The collapse of Digital Star Media’s acquisition of mobile operator Excell emerged yesterday, nearly a year after the firms announced the potential buy-out.
Digital Star Media, branded under the name Emaxx, announced in late July last year it was in talks to buy GT-TELL’s Excell. The deal, however, ended unsuccessfully in February, according to Excell.
“The deal is cancelled. That’s what I can say for sure about this,” Excell chief technical officer Chandrakant Darji said by phone yesterday.
He declined to comment on reasons for the collapse.
Emaxx representatives yesterday declined to comment on the status of the deal. In January, Digital Star chief operating officer Frank May said talks were continuing between the two telecommunications companies.
May is no longer with Digital Star.
At the time, May said Emaxx was carrying out due diligence on the potential acquisition, but did not give a time line for completion. He declined on Tuesday to comment on the deal.
One source close to the deal said Emaxx had not followed through with a major commitment in the buy-out.
“Emaxx was doing due diligence for a very long time . . One of the major milestones in the deal was not fullfilled by them,” said the source, who confirmed the deal had fallen through in February.
The original acquisition would have put Emaxx on the Cambodian map.
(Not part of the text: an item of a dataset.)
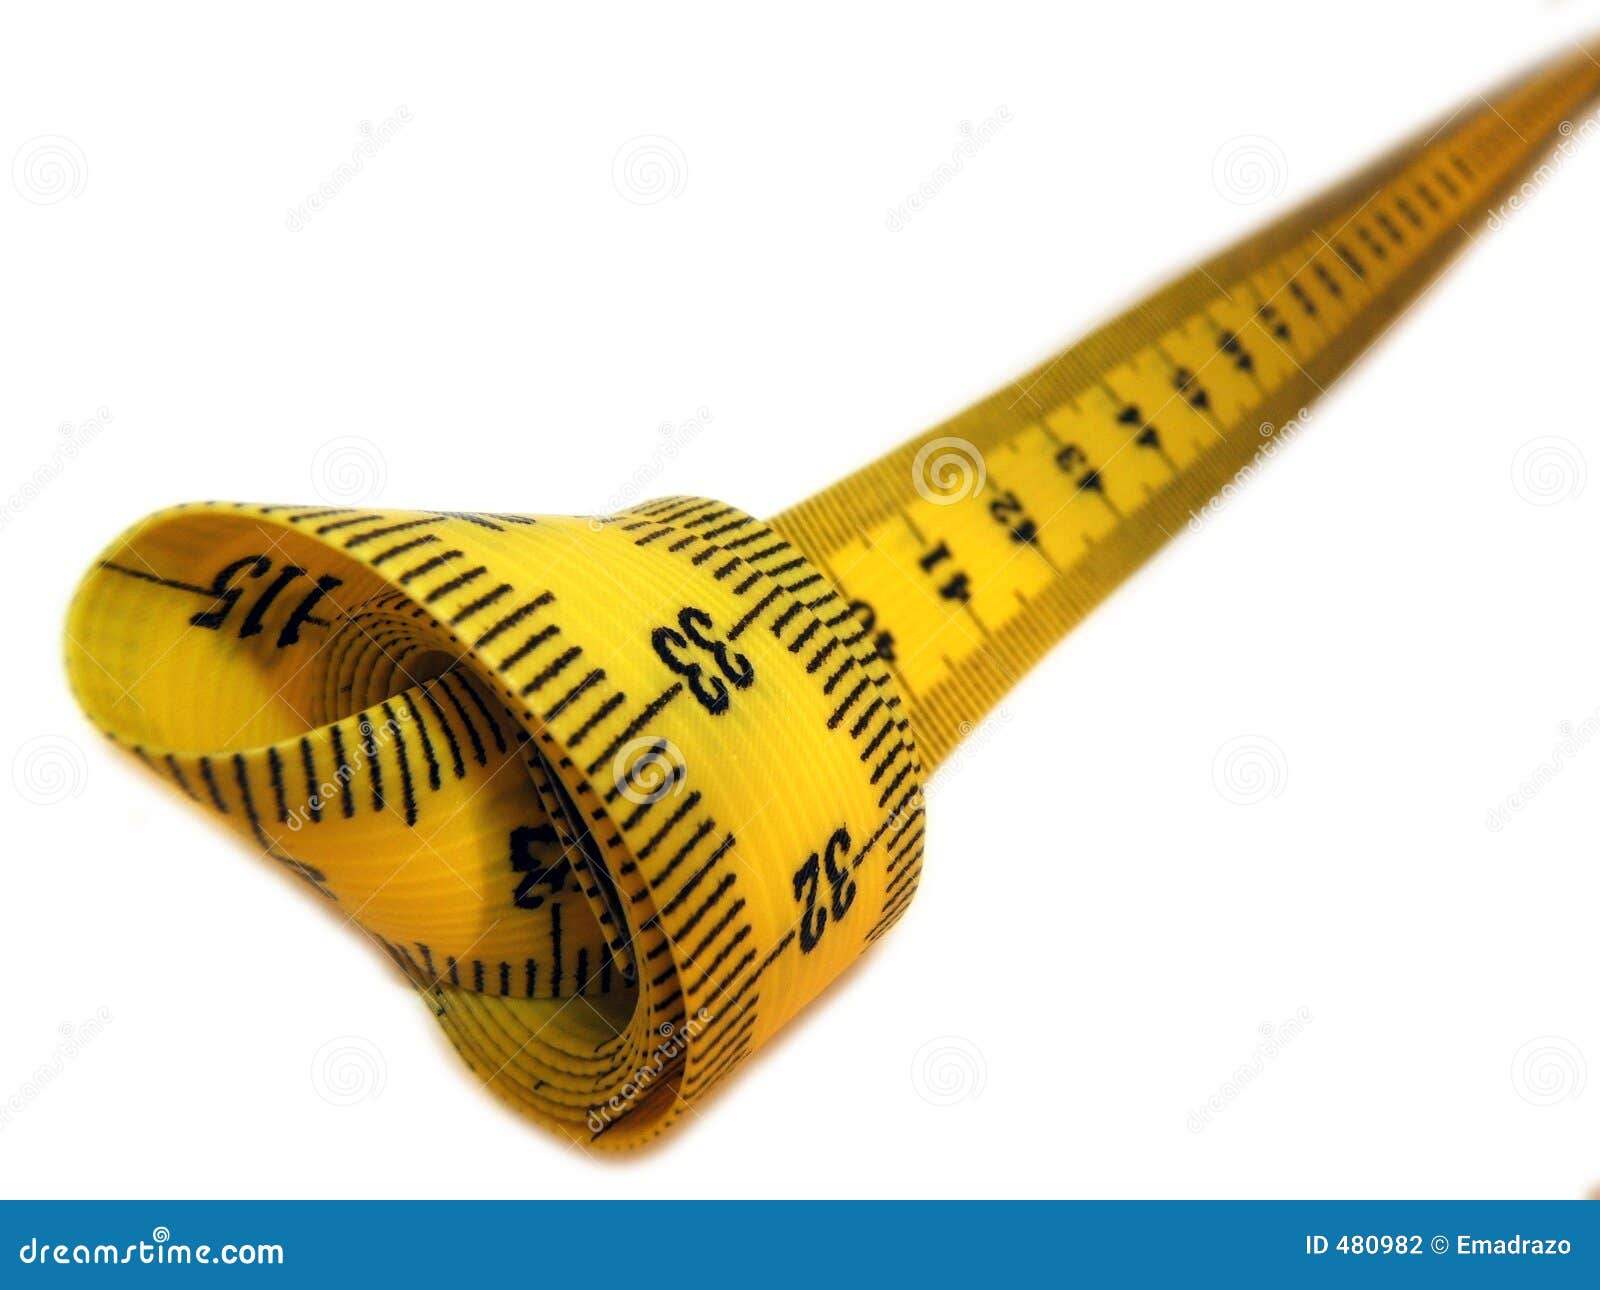 https://thumbs.dreamstime.com/z/isolated-measuring-tape-480982.jpg

The company, which advertises fourth-generation internet services in Phnom Penh, was poised to buy Excell’s 28 cell-phone towers in all 24 Cambodian provinces, the Post reported at the time.
A price tag was on the deal was never disclosed.
Excell, the smallest of Cambodia’s eight mobile operators, will continue to offer mobile services. “We are still working on the expansion of our network and plan to operate [third-generation] services in the future,” Excell’s Chandrakant Darji said.
Excell had reported a flat 40,000 subscribers to its network for more than a year, according to data obtained by the Post.
Excell is Cambodia’s only mobile service to use CDMA technology, which does not use SIM cards and requires subscribers to buy phones made for the service.
The future of CDMA in the region was unclear, analysts said.
“You will continue to see pockets of CDMA in China, India and a few other markets but a much lower trajectory than before,” Shiv Putcha, a telecoms analyst at London research firm Ovum, said.